Data:
========

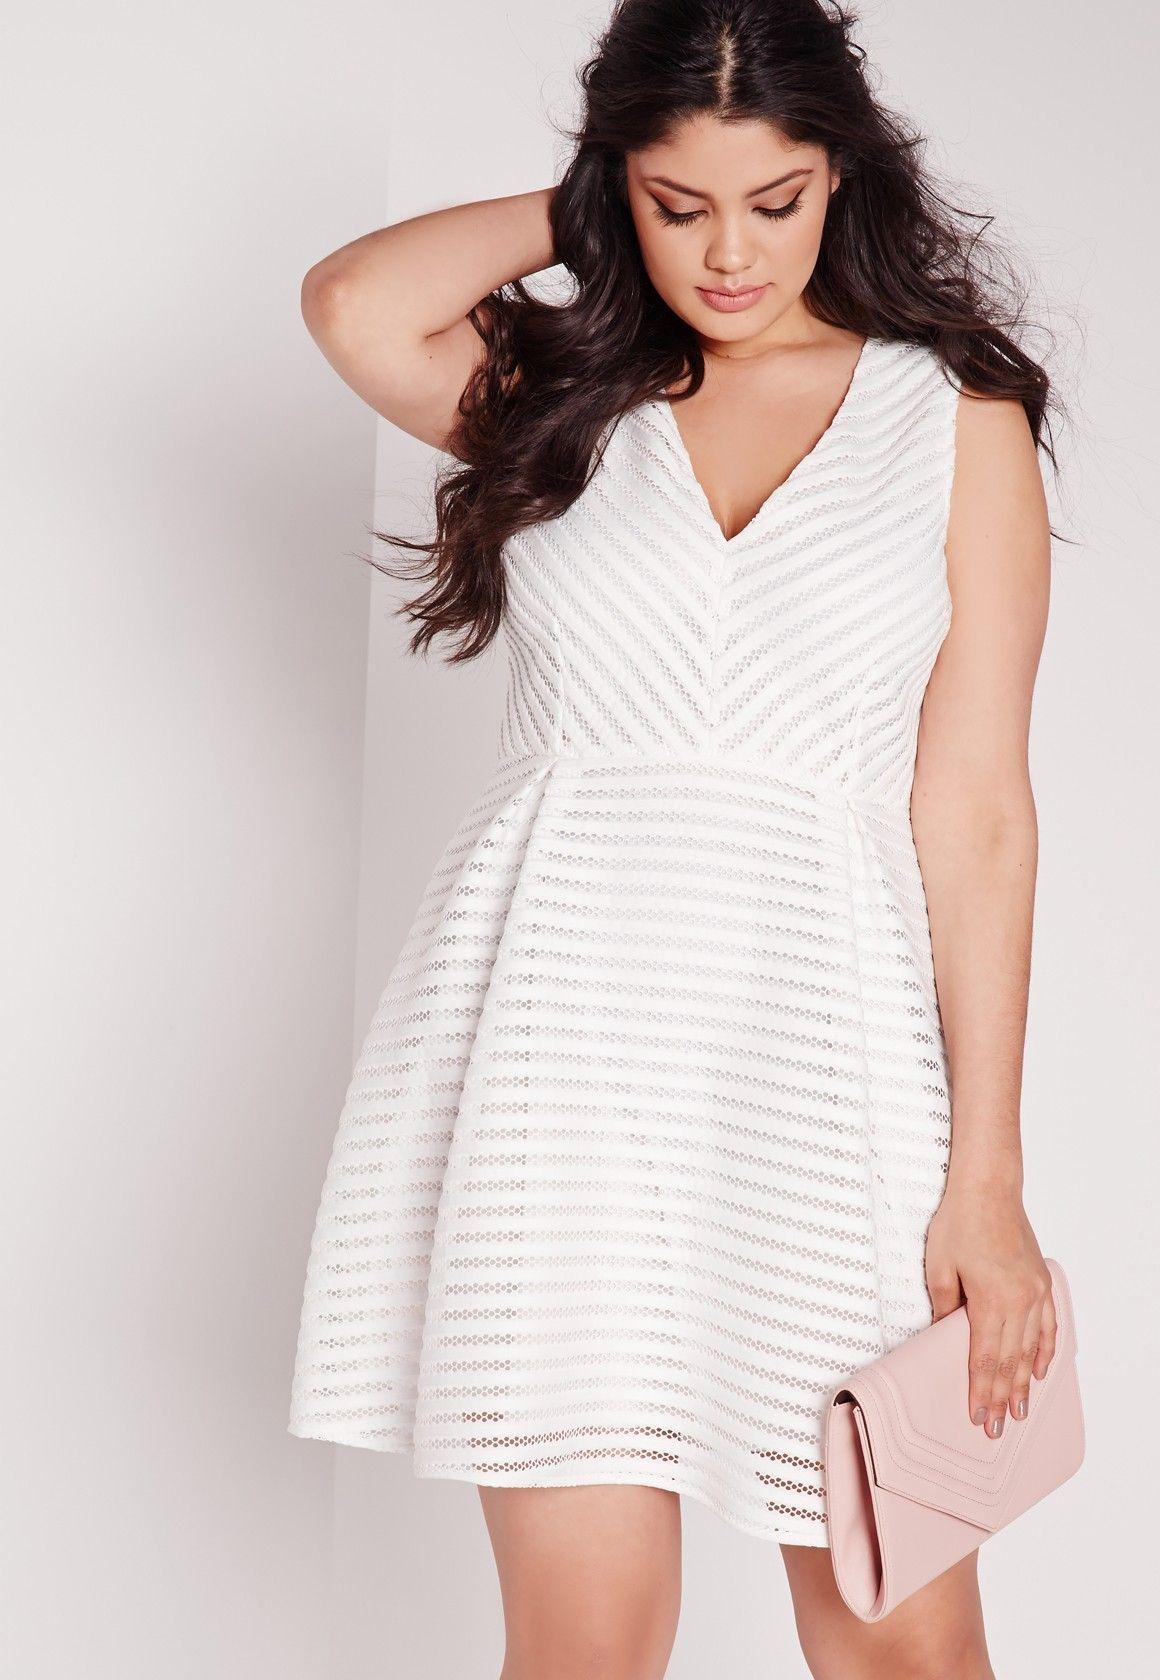 Missguided Plus Size Skater Wrap Dress White Wrap Dress White Overlay Dress Missguided Dress [ 1680 x 1160 Pixel ]
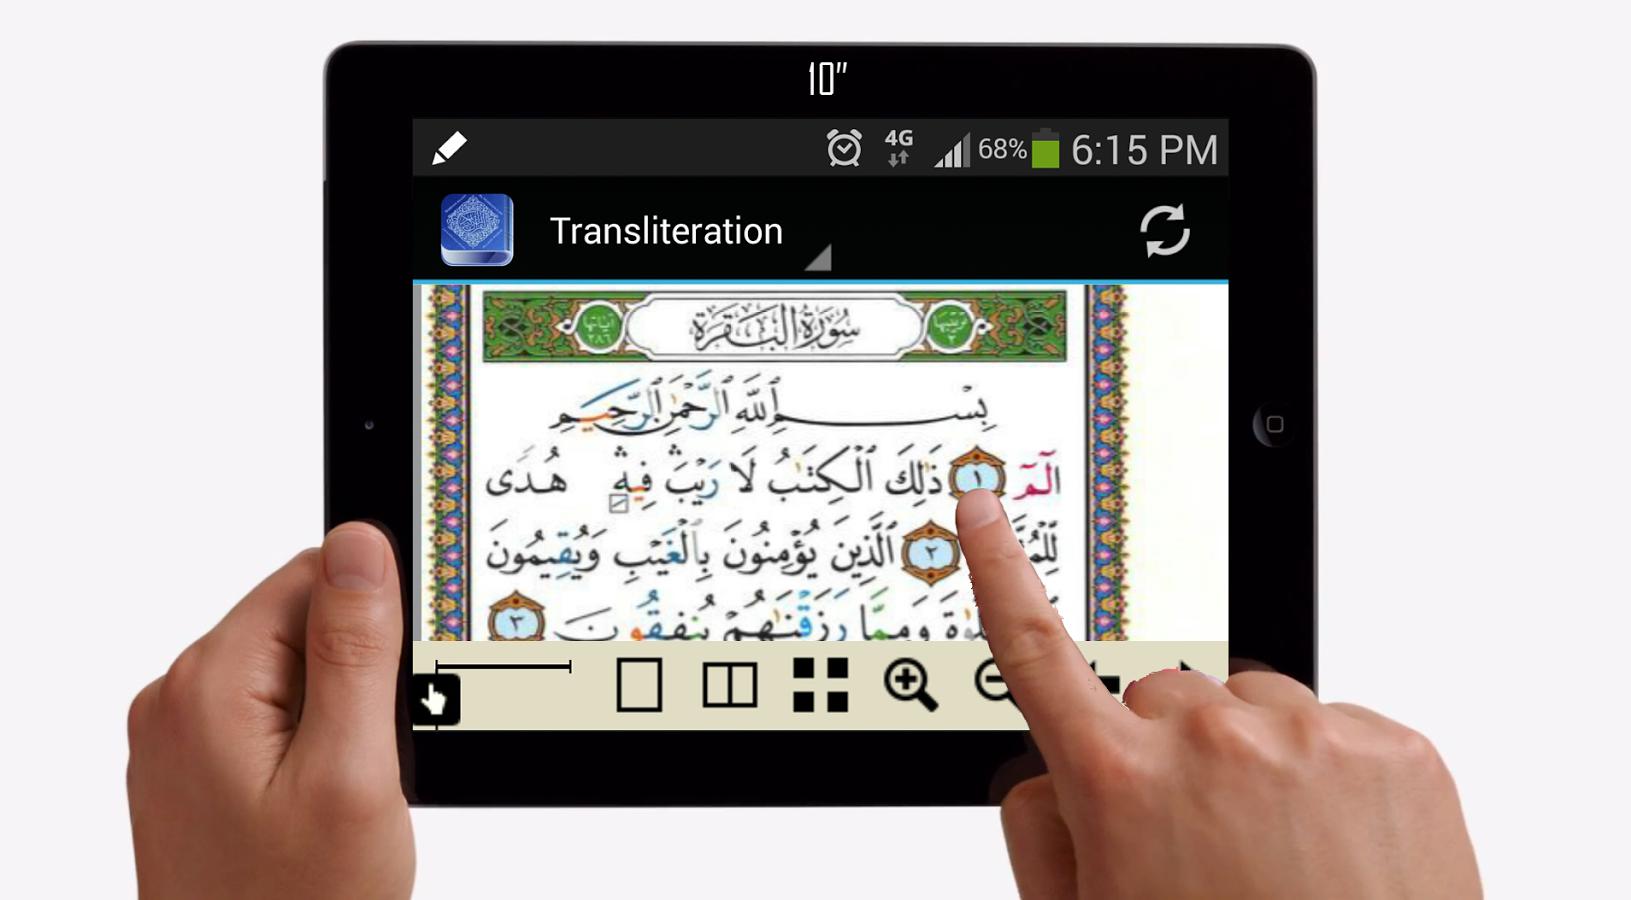 Quran-reading Apps Growing in Popularity - International Shia News
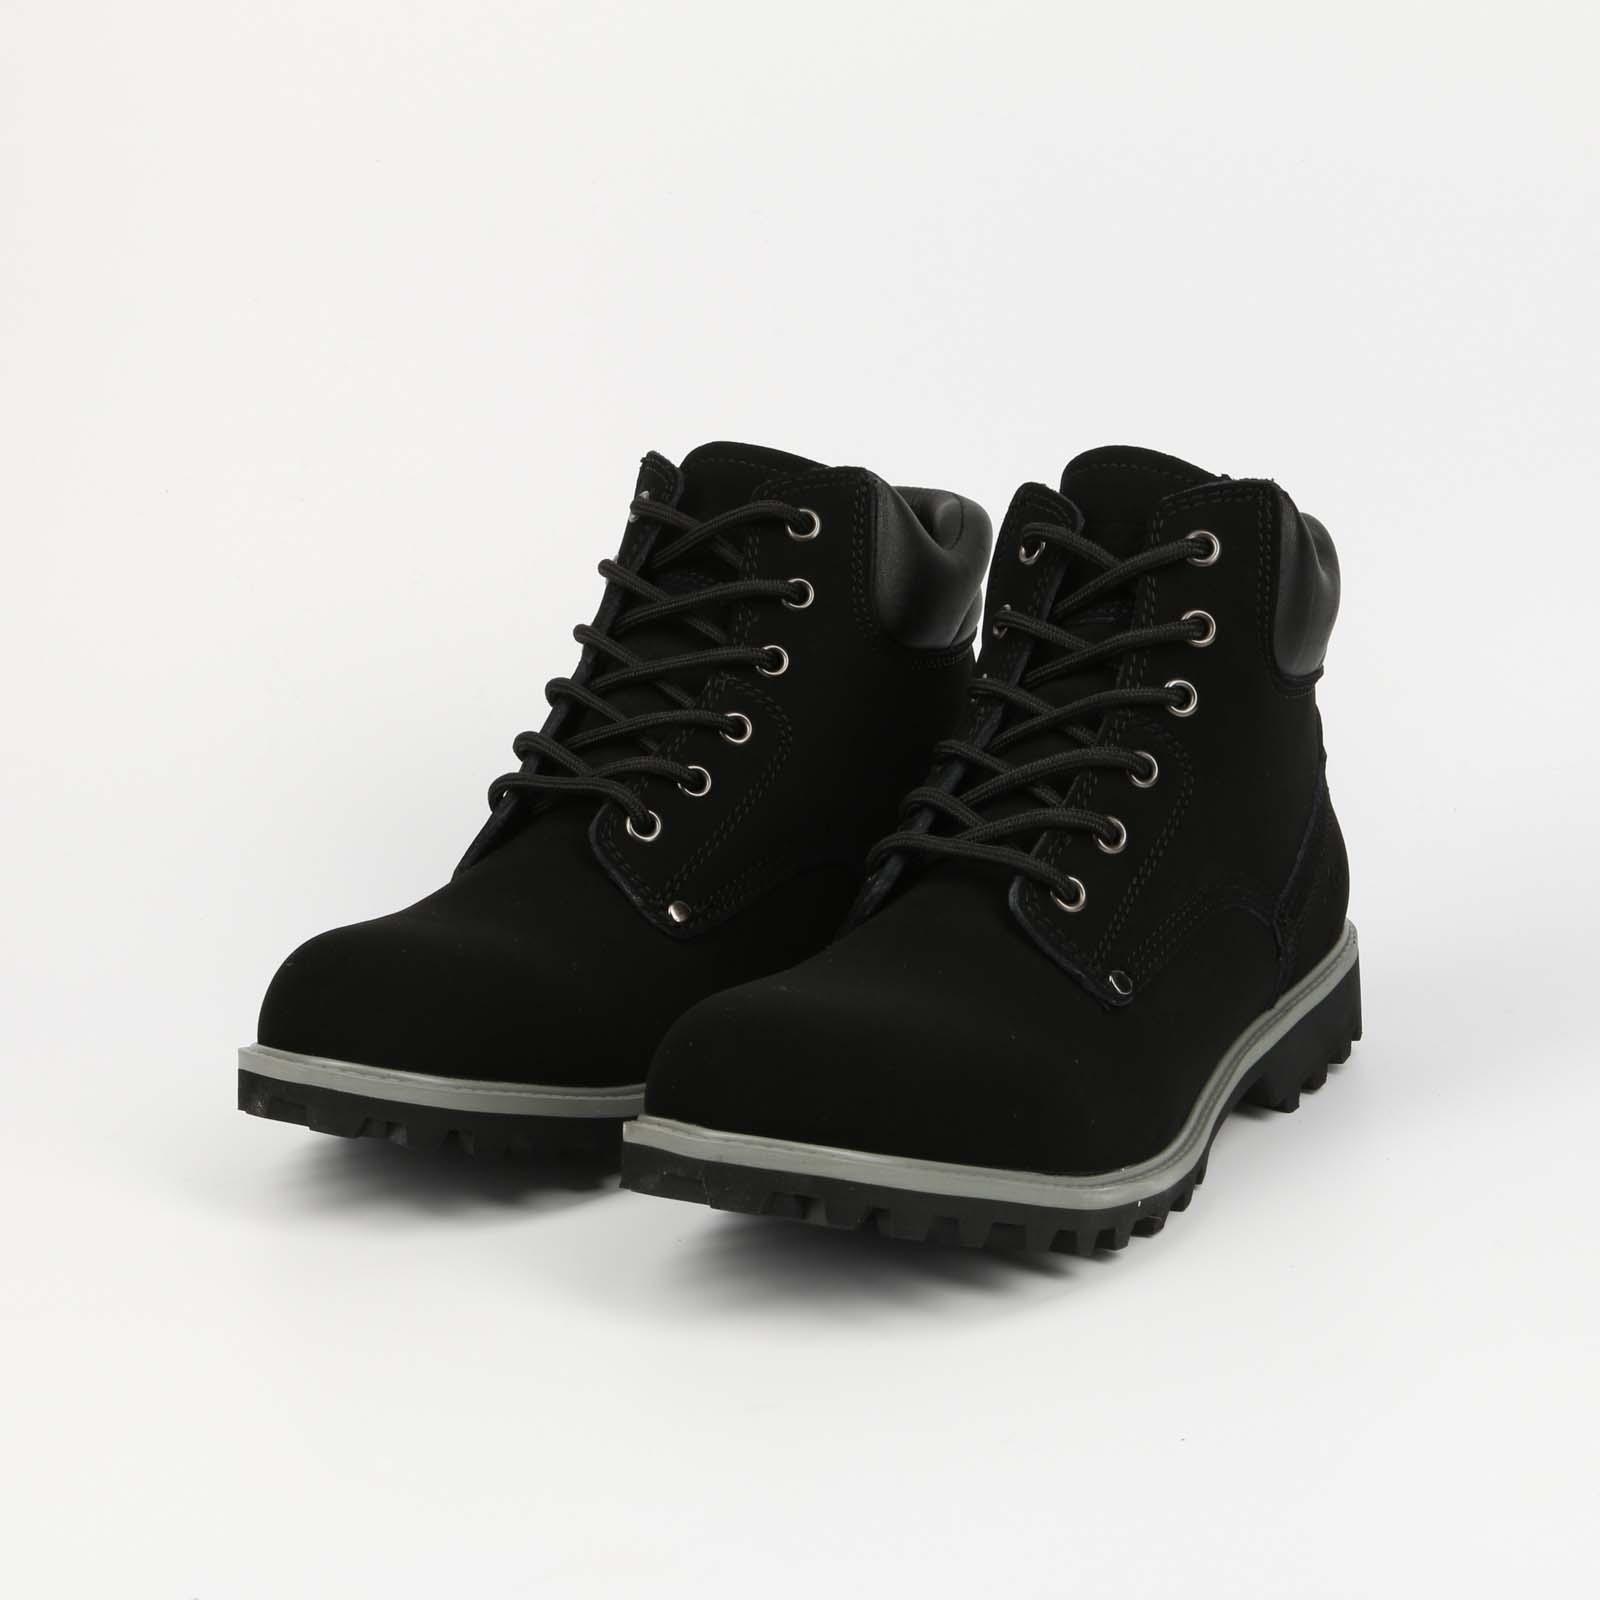 Ботинки мужские STAMFORD

========

Task directions:
Reproduce the data above without a single change, please, but without its pictures.

Answer:
 Missguided Plus Size Skater Wrap Dress White Wrap Dress White Overlay Dress Missguided Dress [ 1680 x 1160 Pixel ]
 Quran-reading Apps Growing in Popularity - International Shia News
 Ботинки мужские STAMFORD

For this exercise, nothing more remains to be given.